To accurately identify apple varieties on the assembly line and to improve the development of the apple quality detection, we proposed a possibilistic fuzzy c‐means (PFCM) algorithm based on similar particle swarm optimization (SPSO) for classifying near‐infrared spectroscopy (NIR) spectra. We took the objective function of PFCM as the fitness function of SPSO (SPSO‐PFCM), which reduced the dependence on fuzzy c‐means algorithm (FCM).
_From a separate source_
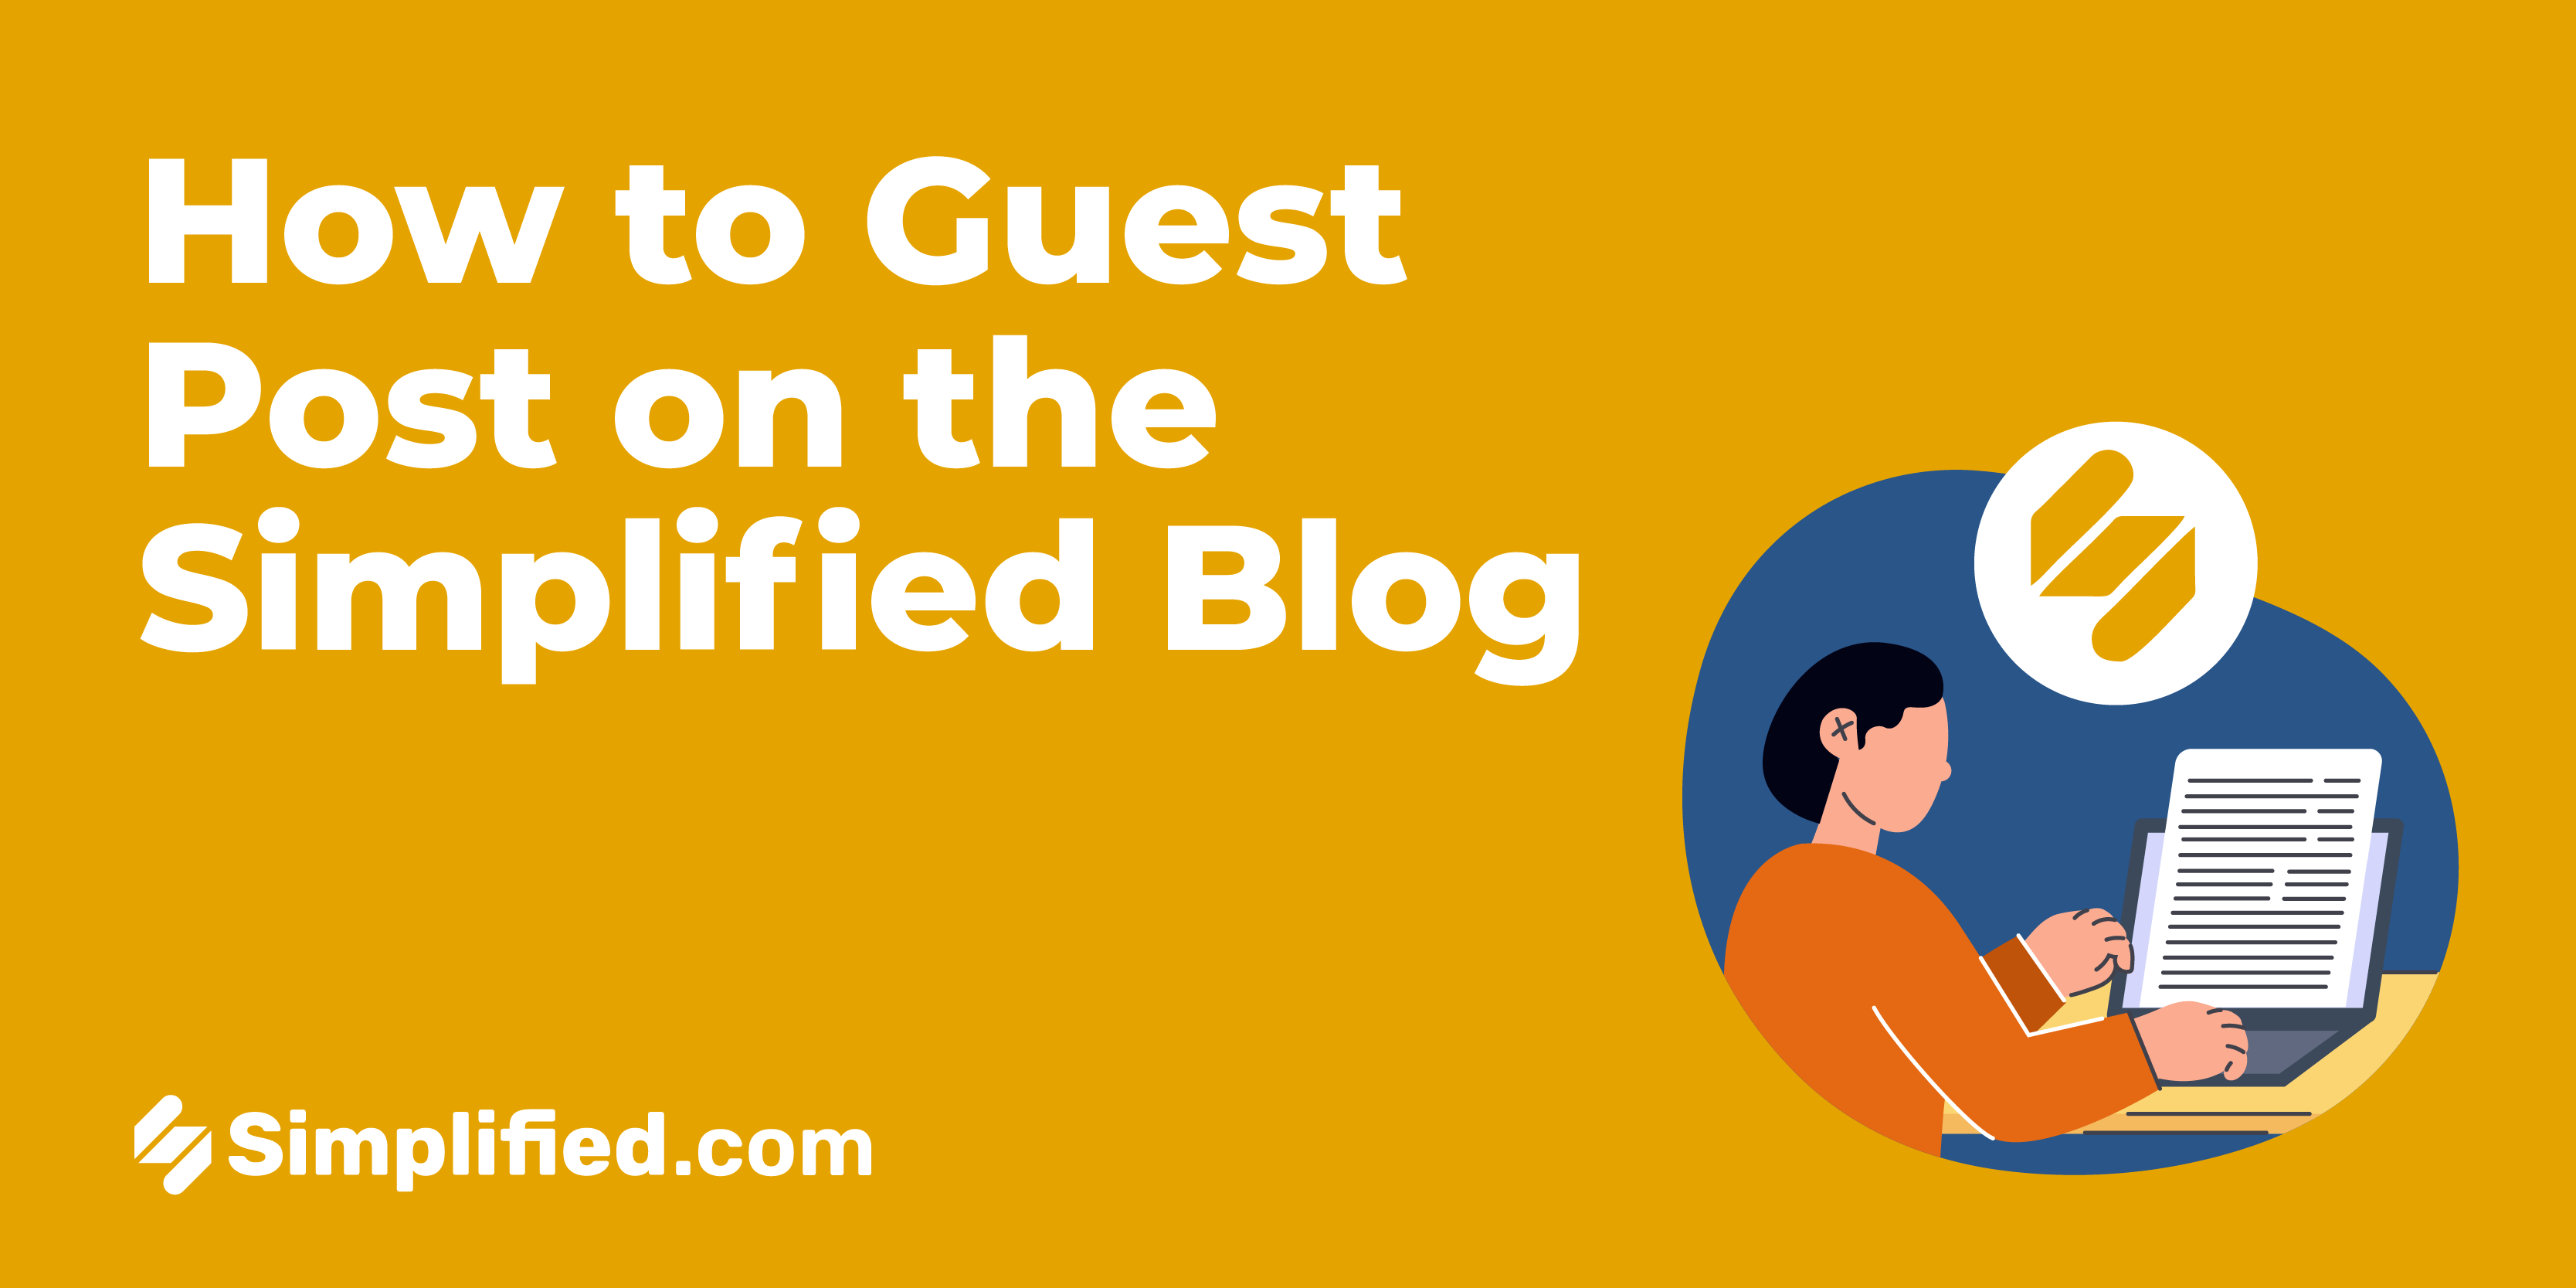 Write For Us: How to Guest Post on the Simplified Blog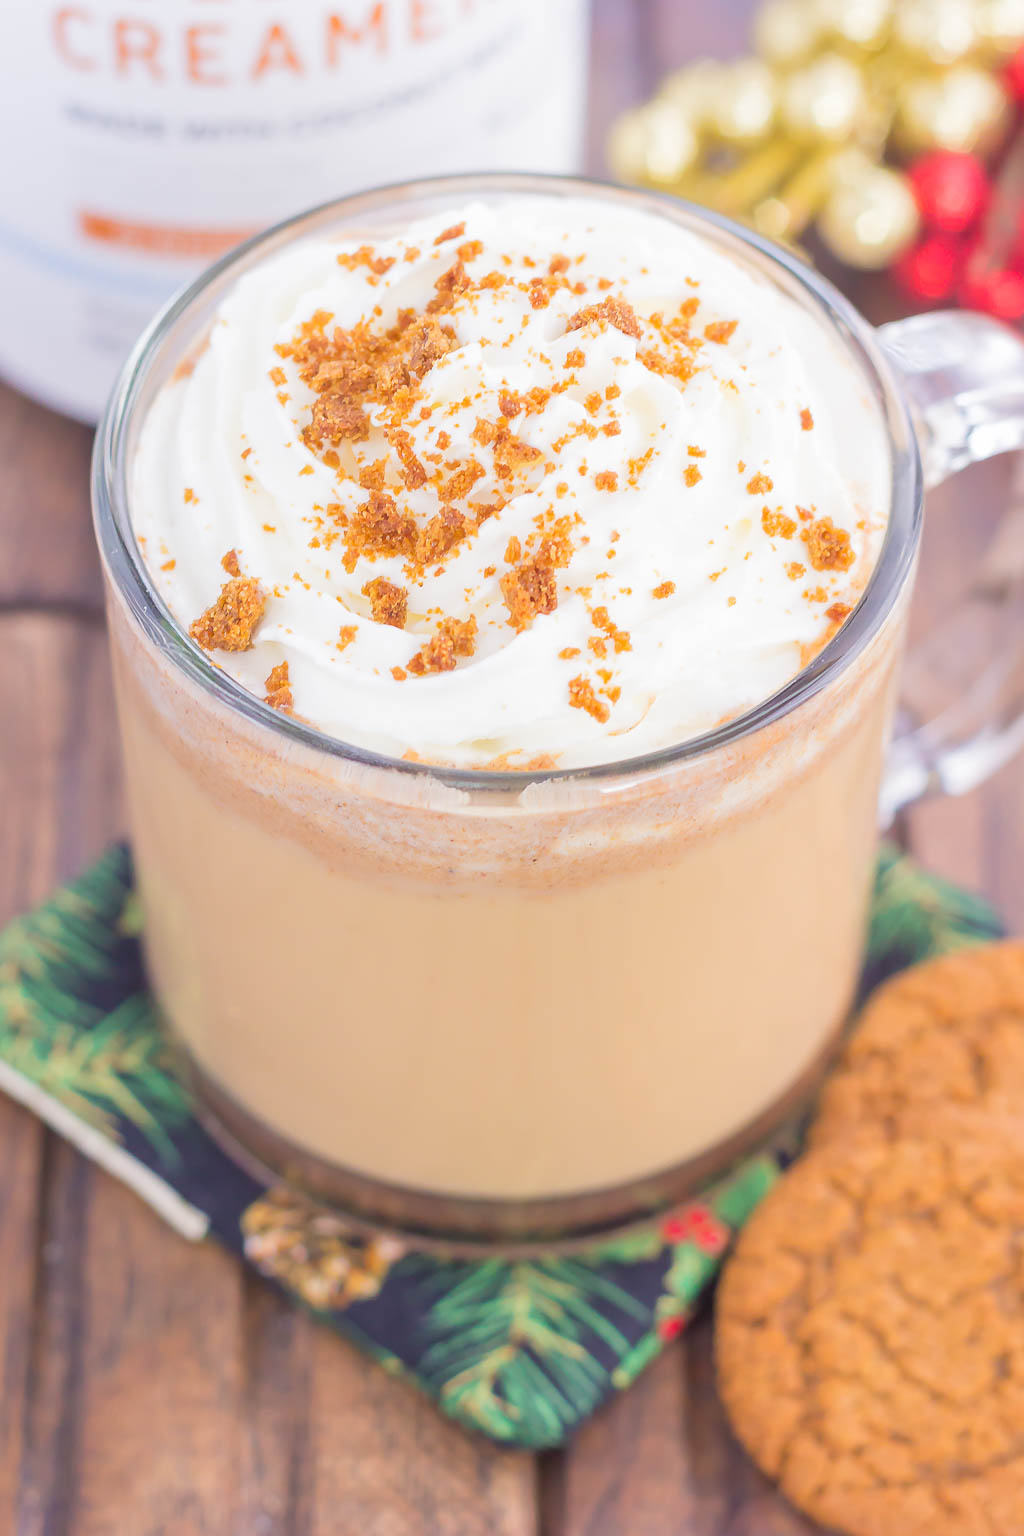 Skip the coffee shop and make your own Spiced Gingerbread Latte to celebrate the the holidays. Filled with cozy spices, lots of flavor, and ready in less than 10 minutes, you can enjoy this warm and festive drink all season long!

The similarity between particles maintained the diversity of particles and then avoided premature convergence of particle swarm optimization (PSO). In the experiment, we classified four kinds of apples. SPSO‐PFCM was utilized to develop the classification model for the NIR spectra of apples. The results showed that SPSO‐PFCM had the highest clustering accuracy, which reached 96%. We also used two datasets to verify the algorithm, and the results proved that SPSO‐PFCM had the highest accuracy. Therefore, SPSO‐PFCM combined with NIR was an effective method to identify apple varieties.
Practical Applications
Different kinds of apples have various nutritional components and prices. Based on this, to identify apple varieties faster, correctly and nondestructively, SPSO‐PFCM and NIR reflectance spectroscopy were used to build a powerful classification model. The experimental results showed that compared with the other four algorithms, SPSO‐PFCM has apparent advantages. A novel method for apple classification of apple varieties using SPSO‐PFCM and NIR spectroscopy was introduced in this paper. With this method, the factory can classify apples quickly and accurately.